Но почему? Мы здесь уже неделю и ни разу хозяин дома не отказал нам ни в чем, ни разу не выглядел подозрительно, всегда радушно ожидая нас на кухне за накрытым столом. Разрешает пользоваться запасами еды, воды и его гостеприимства. Здесь я чувствую себя хорошо и мне никуда больше не хочется бежать. Спать в тепле, на мягкой кровати, когда под окнами нет ни одной Твари или тех… ужасных монстров. Довольствоваться пищей, помогать по хозяйству, читать книги вечером и слушать потрескивание дров в печи — не это ли то, к чему мы стремимся?

К покою.

Тогда я ничего ему не сказала, но, кажется, Дмитрий понял, что я устала от вечной беготни и не хочу идти дальше с ним.

Сейчас он разложил на полу нашей комнаты все свое снаряжение и проводит ревизию. Завтра он собирается уходить. Не хочу этого, кажется, я привыкла к его обществу, мне будет по-настоящему жаль, если он покинет этот дом, оставив меня.

Запись 27

Он ушел. Перед этим мы долго обсуждали будущий путь. Ростислав предупреждал о некоторых изменениях на карте, которой он с радостью поделился. Мы не знали где именно перешли границу в «зиму», нам тогда было не до топографических нюансов, мы бежали от ужаса. Ясно одно — обратно на север дороги нет. Там эти твари. От одного воспоминания пробирает дрожь. Все еще не верю, что мы смогли выжить.

Дмитрий собирался молча, иногда сухо отвечая на мои вопросы и тихо разговаривая с хозяином дома. Я видела, что мой решительный отказ от дальнейшего пути, расстроил его и ускорил сборы. Кажется, он медлил только из-за меня. Честно, мне было тяжело. Так, словно я делаю какую-то большую ошибку. Прошлой ночью он неожиданно разбудил меня и вручил короткий нож с толстой светлой рукояткой и зазубренным лезвием с одной стороны. На мой удивленный взгляд он ответил, что вовсе не рад меня оставлять в доме подозрительного типа. И мне может пригодиться нечто острое и неожиданное под подушкой. По его виду было понятно, что это не шутка, не глупое предостережение и такое странное прощание, а твердая вера.

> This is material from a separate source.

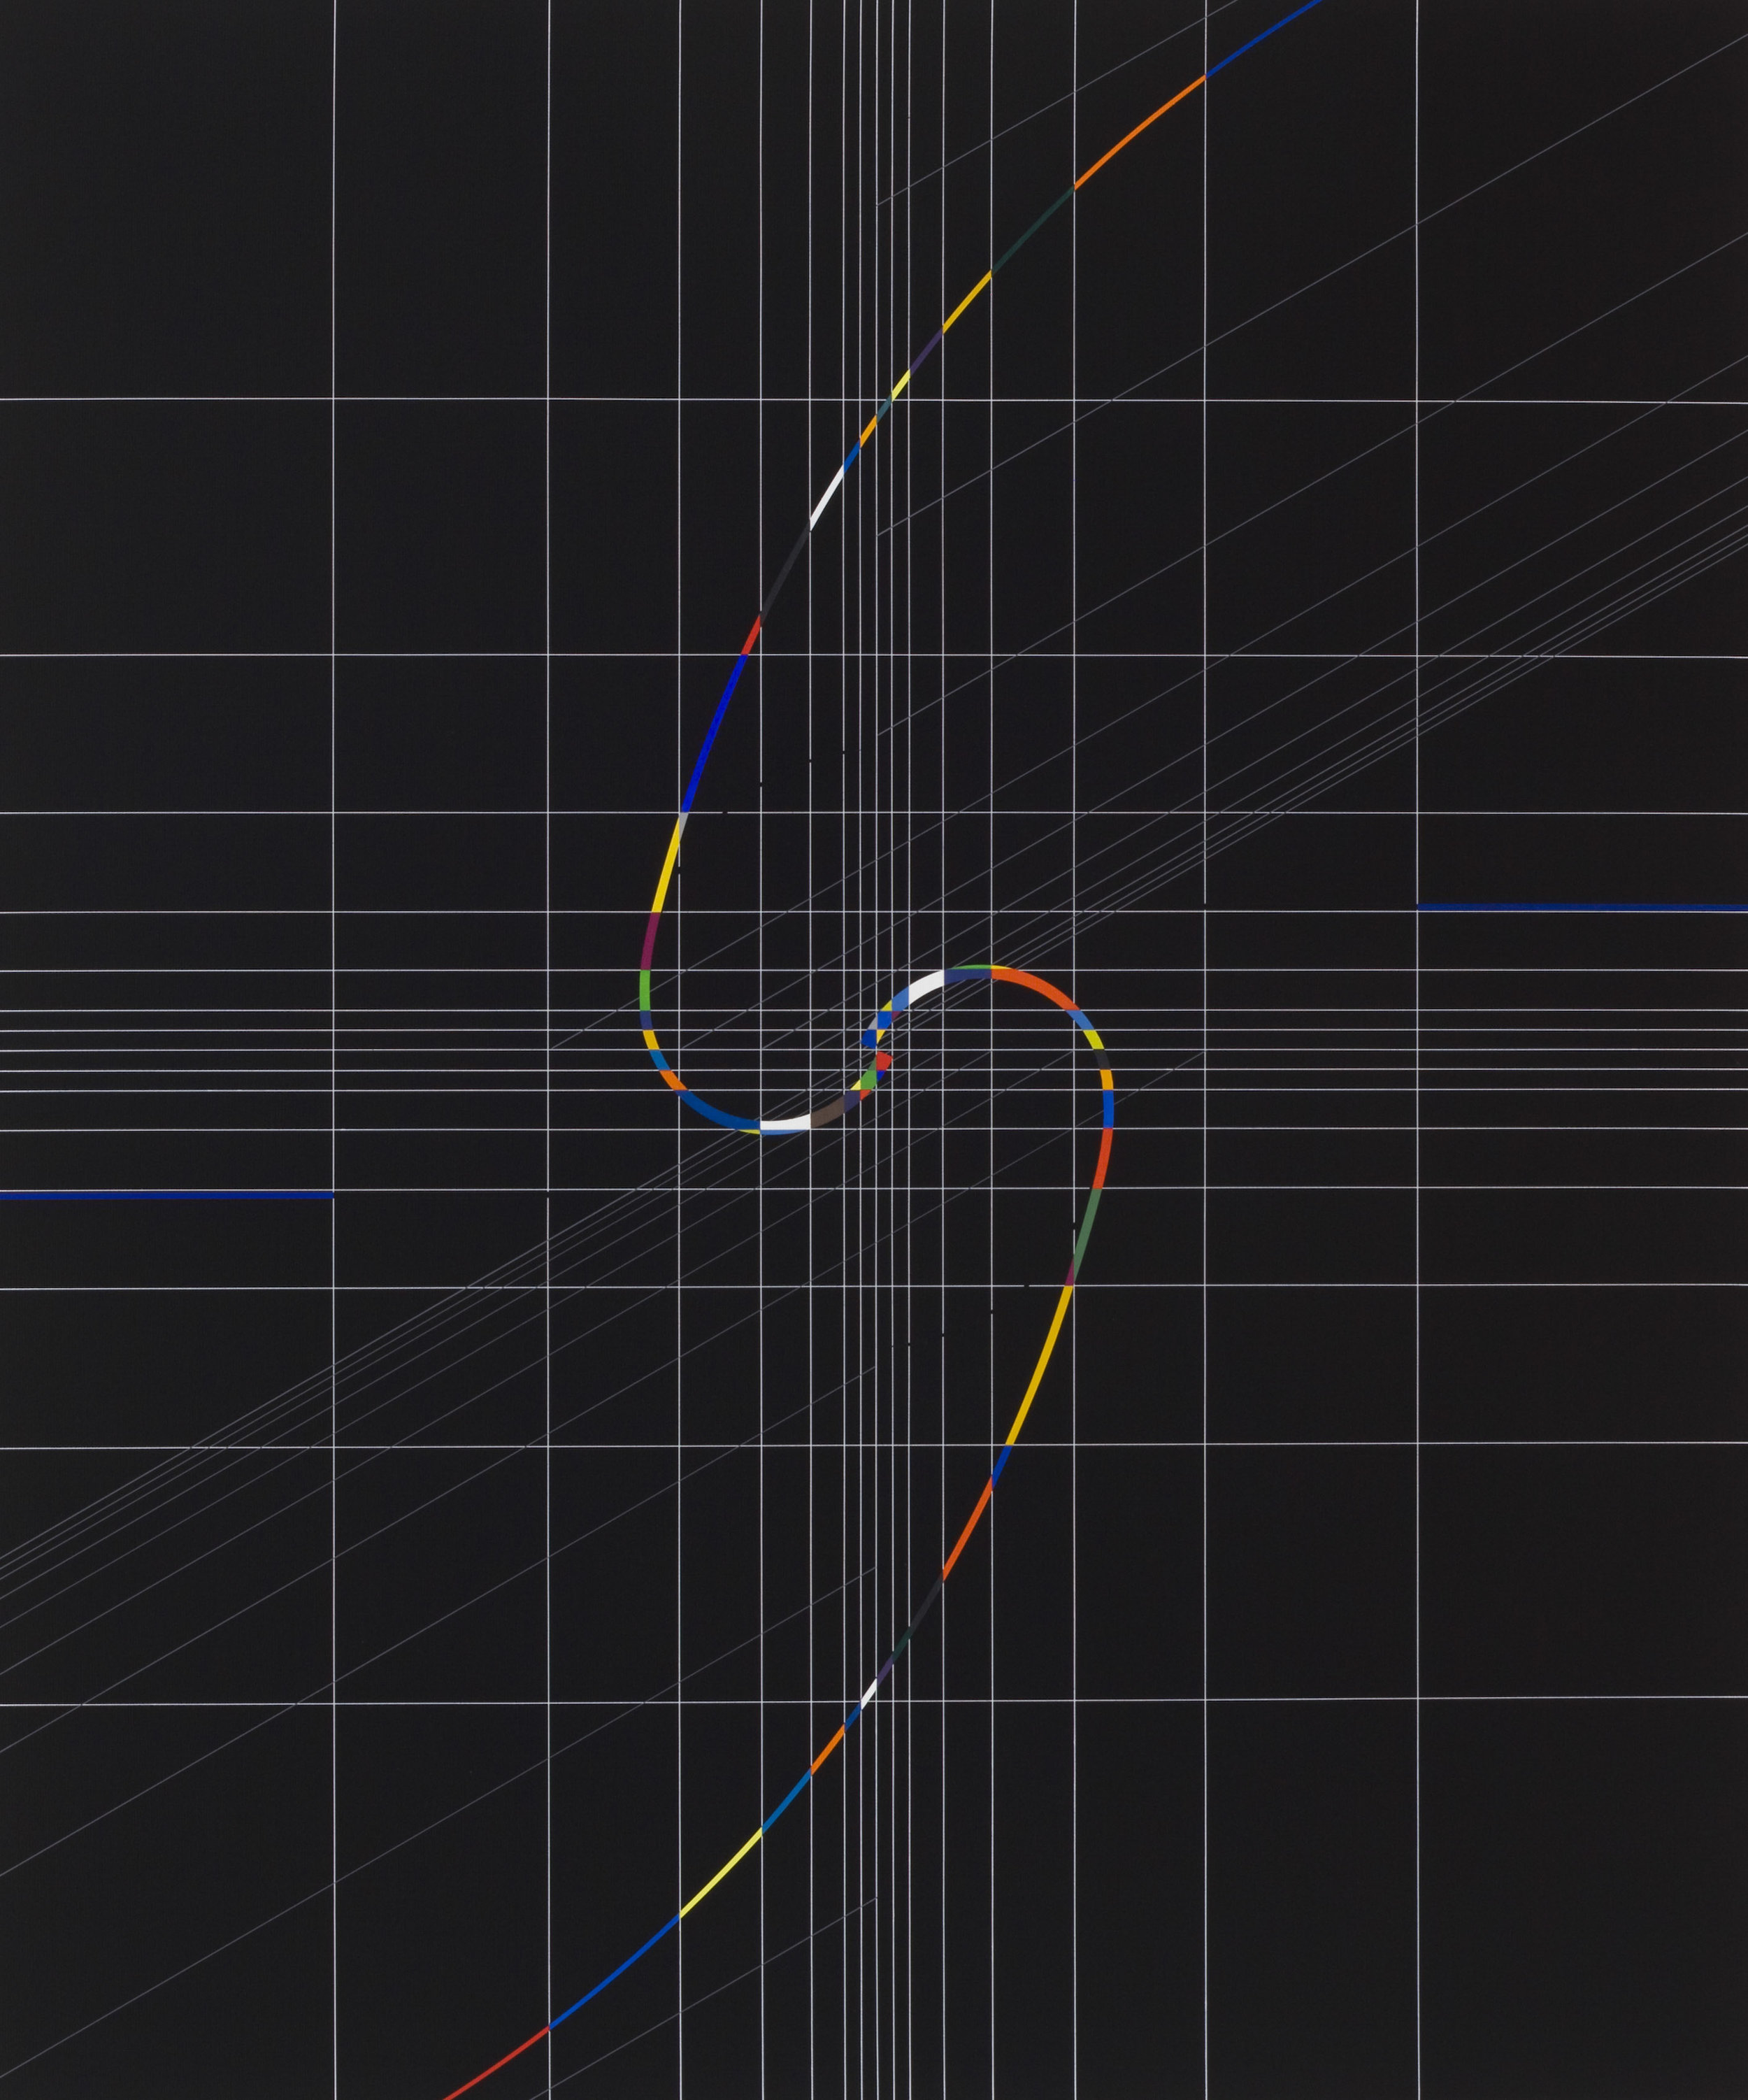 Yantra-ipsum-samsara(1)2012.Dec, acrylic on canvas, 35 7/16 x 29 1/2 in. [90x75cm]

Почему сейчас, когда его нет рядом мне холодно, так, словно стена, что прикрывала спину, исчезла, и в нее подул промозглый ветер? Кажется, я слишком привыкла к нему. Возможно, все из-за того, что он был первым человеком, которого я увидела после Конца всего. Долгие месяцы одиночества, сомкнутого без разговоров рта, вдруг в одночасье сменились тихими разговорами, скудным ужином вдвоем в приглушенном свете едва работающих светильников, редкой радостью от найденной бутылки воды, стеснением от вынужденного мытья рядом и боязнью вновь слышать звенящую тишину вокруг.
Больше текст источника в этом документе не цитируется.